Similar to what polynomials of $1/(1-q)$ does the function $\Gamma (n) (-\log (q))^{-n}$ behave near $q=1$?

Question

What polynomial of $\frac1{1-q}$ should we add to $\Gamma (n) (-\ln q)^{-n}$ so the result to be zero at $0$ and the pole to disappear?

Answer 1

Below is an explicit formula that might be amenable to the OP's needs.

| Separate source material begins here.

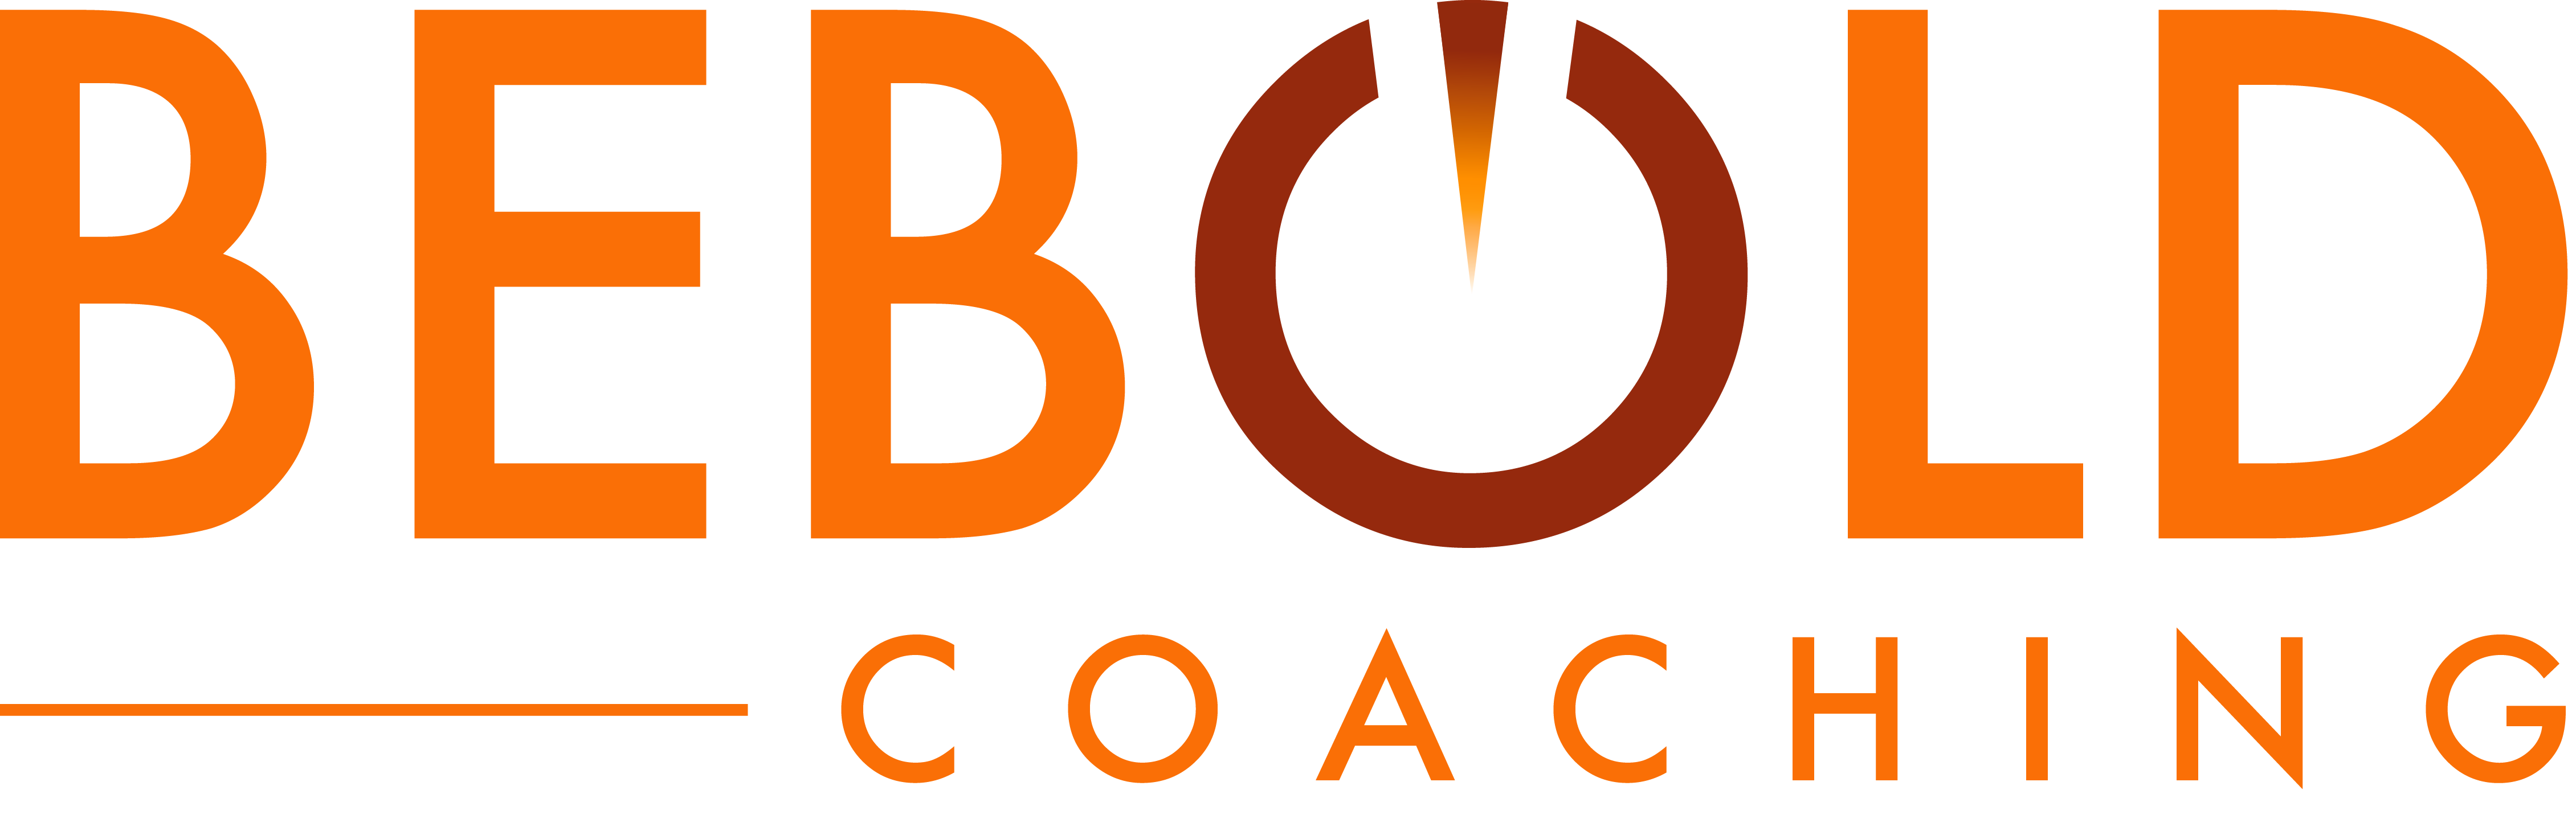 Bebold Coaching

The 'polynomial family' can be given in terms of the Norlund polynomials, defined through the generating function $$ \Big( \frac{t}{e^t-1} \Big)^s e^{x\,t} = \sum_{k=0}^\infty B_k^{(s)}(x) \frac{t^k}{k!} $$ In what follows, $B_k^{(s)}= B_k^{(s)}(0).$ Taking $s = -n$ and $t=\log(1-x)$ in the generating function means $$ \Big( \frac{-x}{\log(1-x)} \Big)^n = \sum_{k=0}^\infty B_k^{(-n)} \frac{\log^k(1-x)}{k!} $$ It is known, Digital Library Math. Func. 24.16.4 $$ \log^k(1-x)=k \,(-x)^k\sum_{m=0}^\infty \frac{B_m^{(m+k)}}{m+k} \frac{(-x)^m}{m!} $$ Insert this later expression into the penultimate and you have a double series. Do a series rearrangement. (Hansen, A Table of Series of Products pg 14-15 has a slew of them.) You'll get

$$ \Big( \frac{-x}{\log(1-x)} \Big)^n =1+\sum_{m=1}^\infty \frac{(-x)^m}{m} \sum_{k=1}^m \frac{B_k^{\,(-n)}}{(k-1)!} \frac{B_{m-k}^{\,(m)}}{(m-k)!}$$

These particular Norlund polys can be written, I believe, as Stirling numbers of the 1st and 2nd kind, but that obfuscates the derivation.